Authors: Rubina Cocker, MD1; Cecilia Gimenez, MD 1; and Walid E. Khalbuss, MD PhD FIAC2
1 North Shore-Long Island Jewish Health System, Lake Success, New York; USA; 2 University of Pittsburgh Medical Center, Pittsburgh, Pennsylvania USA.
Reviewer: Manon Auger MD; McGill Univ Health Center; Department of Pathology; Montreal, QC; Canada Clinical
History: An 82 year old male presented with complaints of progressive dysphagia and hoarseness for a few weeks.

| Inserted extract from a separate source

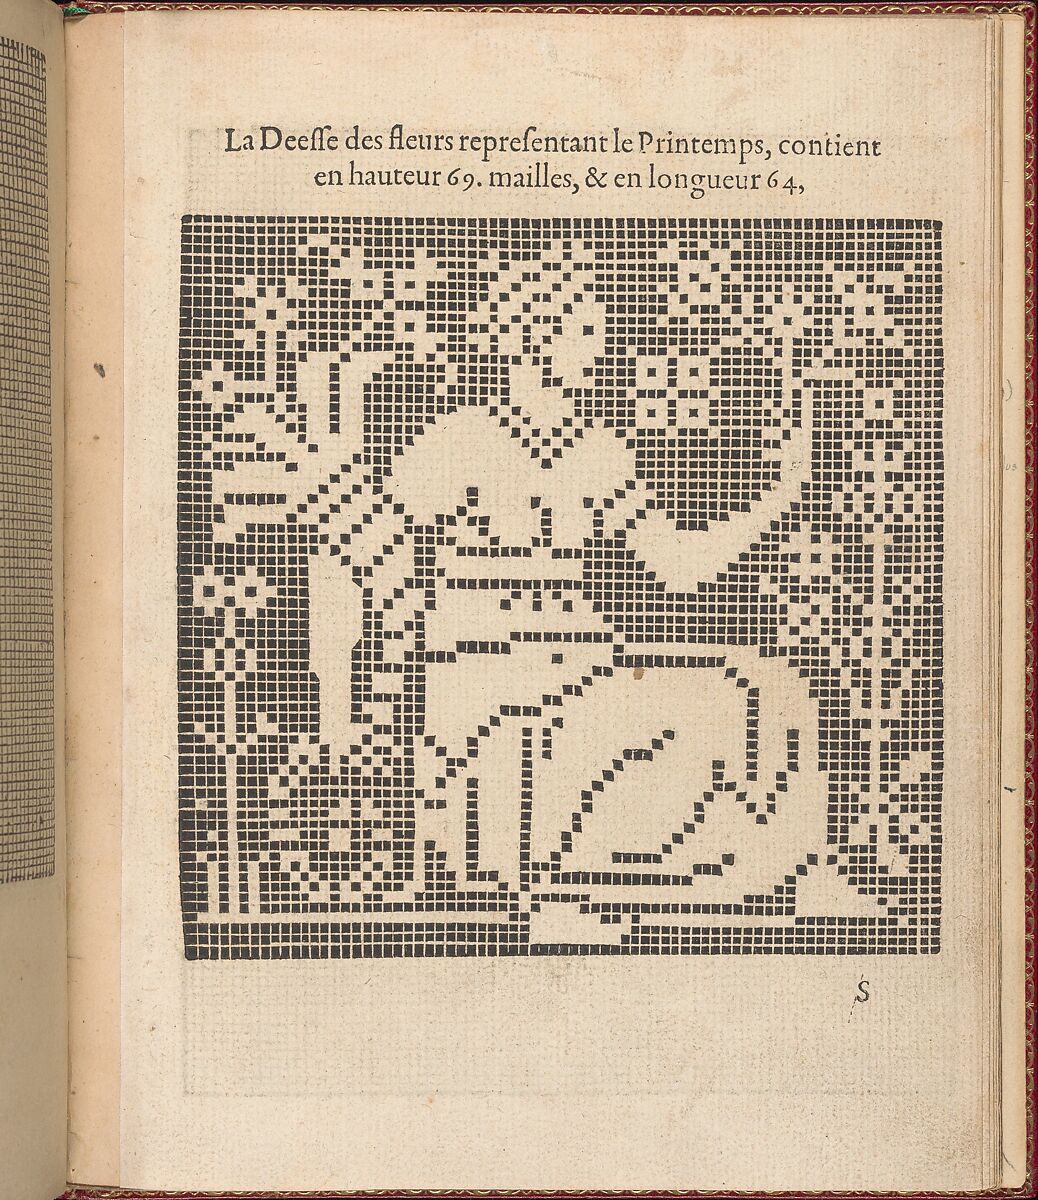 Les Singuliers et Nouveaux Portraicts... page 69 (recto), Federico de Vinciolo (Italian, active Paris, ca. 1587–99), Woodcut

The patient was noted to be status post partial glossectomy with bilateral neck dissection and radiation therapy for a base of tongue squamous cell carcinoma. PET/ CT scan revealed multiple lesions in the right subglottis and trachea. An endobronchial ultrasound guided FNA biopsy of the tracheal lesion was performed. Representative images are provided: DQ stain (Images 1 & 2). Pap stain (Image 3), Cell block, H&E stain (Image 4), and Immunostain of p16 and HPV ISH (image 5).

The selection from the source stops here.